In my opinion, Sir, the present system now begins to develop itself. We see what a complication of private and pecuniary interests have thus wound themselves around our finances. While the present state of things continues, or as it goes on, there will be no lack of ardor in opposing the Land bill, or any other proposition for distributing or effectually using the public money.

We have certainly arrived at a very extraordinary crisis; a crisis which we must not trifle with. The accumulation of revenue must be prevented. Every wise politician will set that down as a cardinal maxim. How can it be prevented? Fortifications will not do it. This I am perfectly persuaded of. I shall vote for every part and parcel of the Fortification bill, reported by the Military Committee. And yet I am sure that, if that bill should pass into a law, it will not absorb the revenue, or sufficiently diminish its amount. Internal improvements cannot absorb it: these useful channels are blocked up by vetoes.

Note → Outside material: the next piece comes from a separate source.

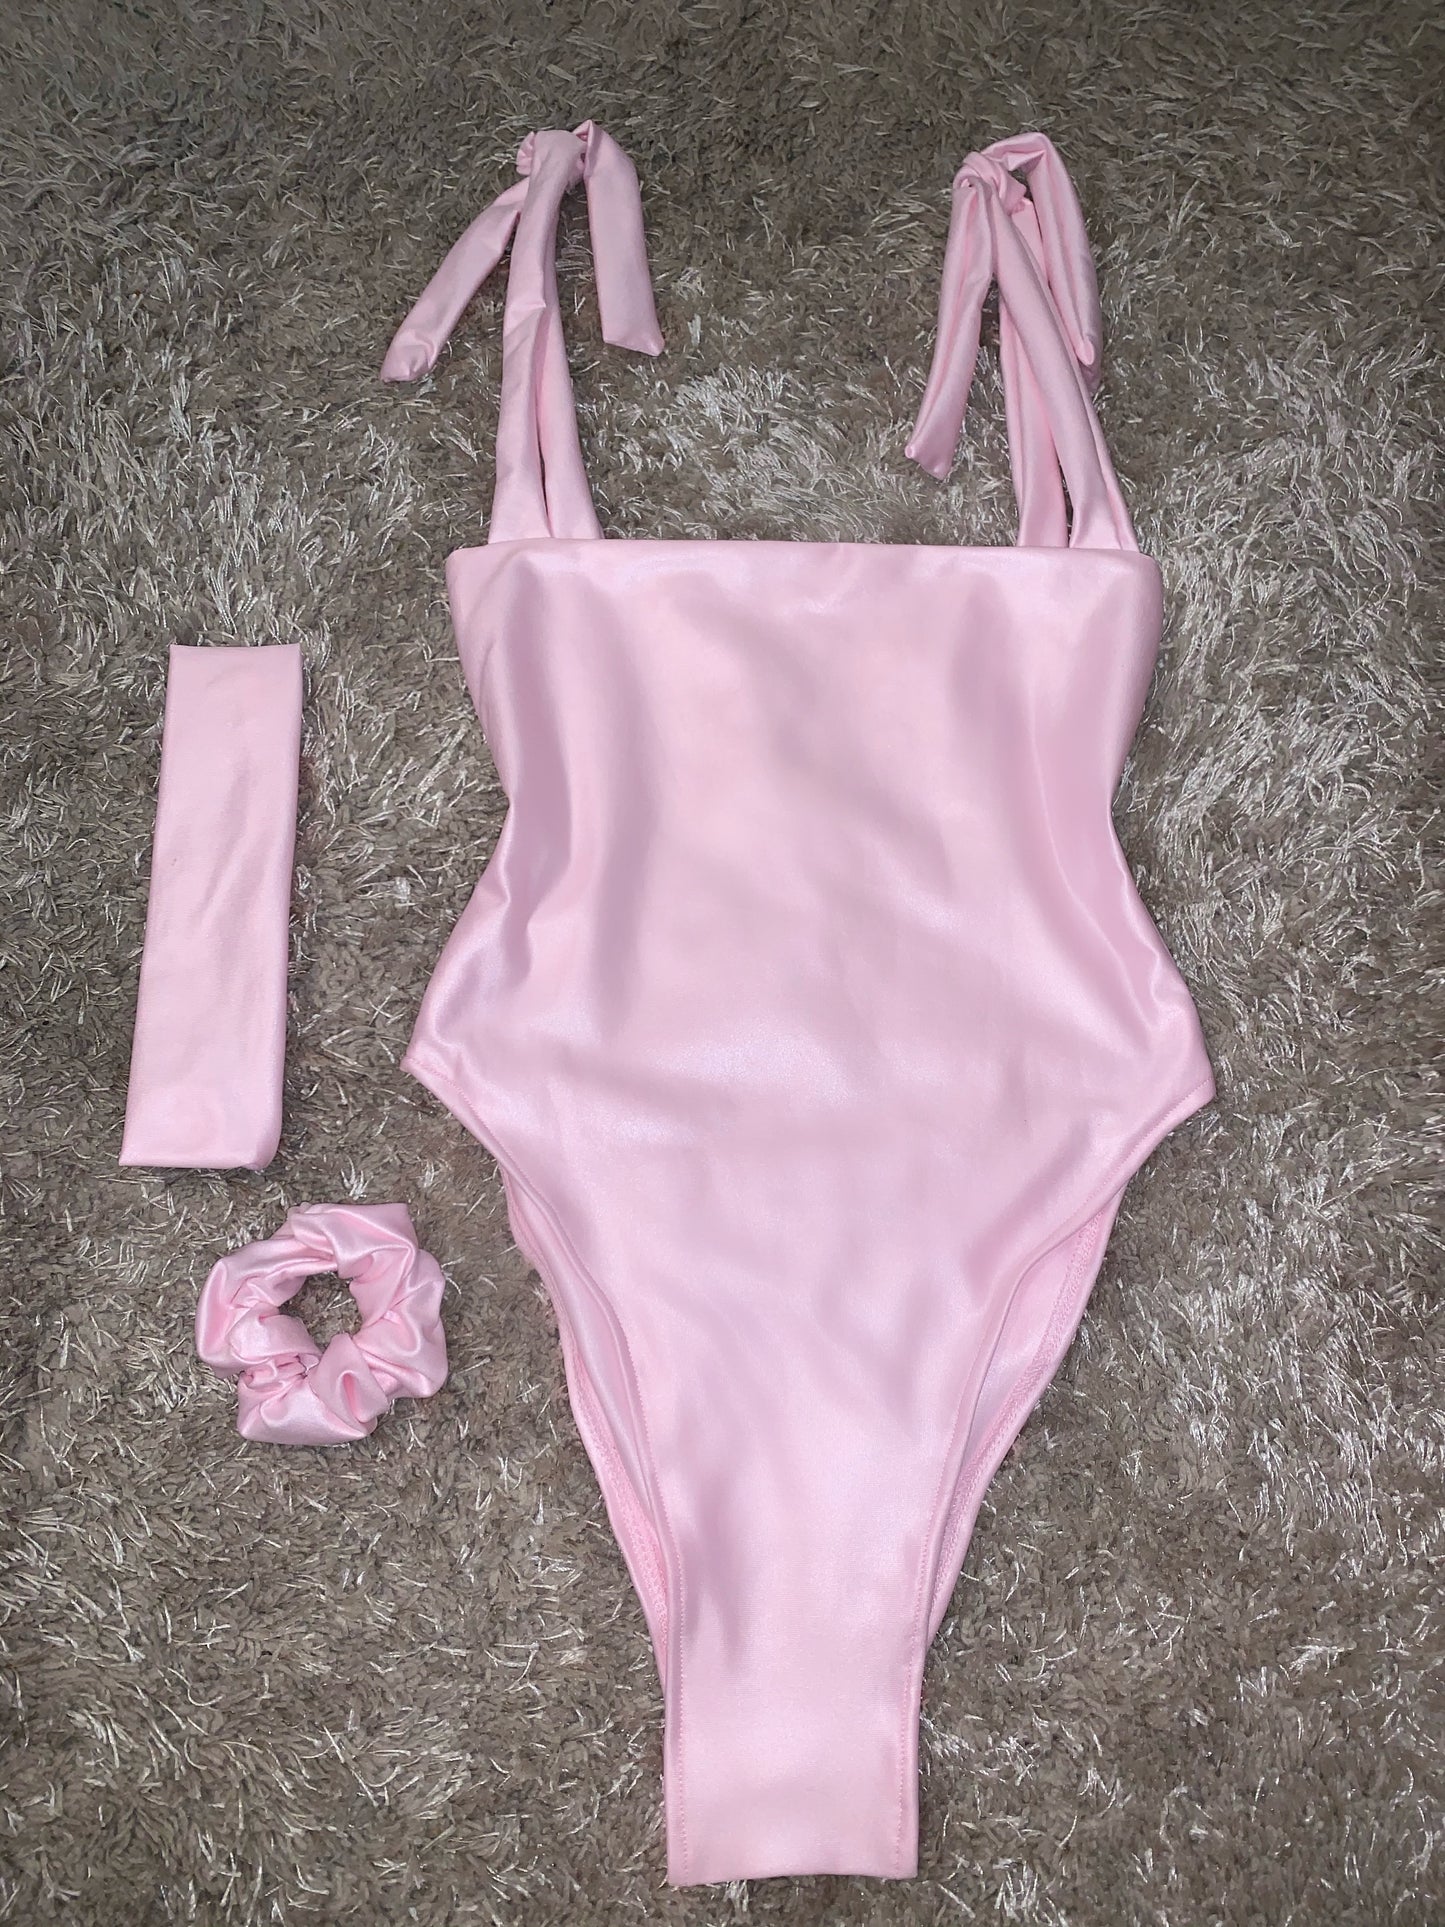 SALE Wet Look Pink Swimsuit 6 Petite

How, then, is this revenue to be disposed of? I put this question seriously to all those who are inclined to oppose the Land bill now before the Senate.

Sir, look to the future, and see what will be the state of things next autumn. The accumulation of revenue may then probably be near fifty millions; an amount equal, perhaps, to the whole amount of specie in the country. What a state of things is that! Every dollar in the country the property of Government!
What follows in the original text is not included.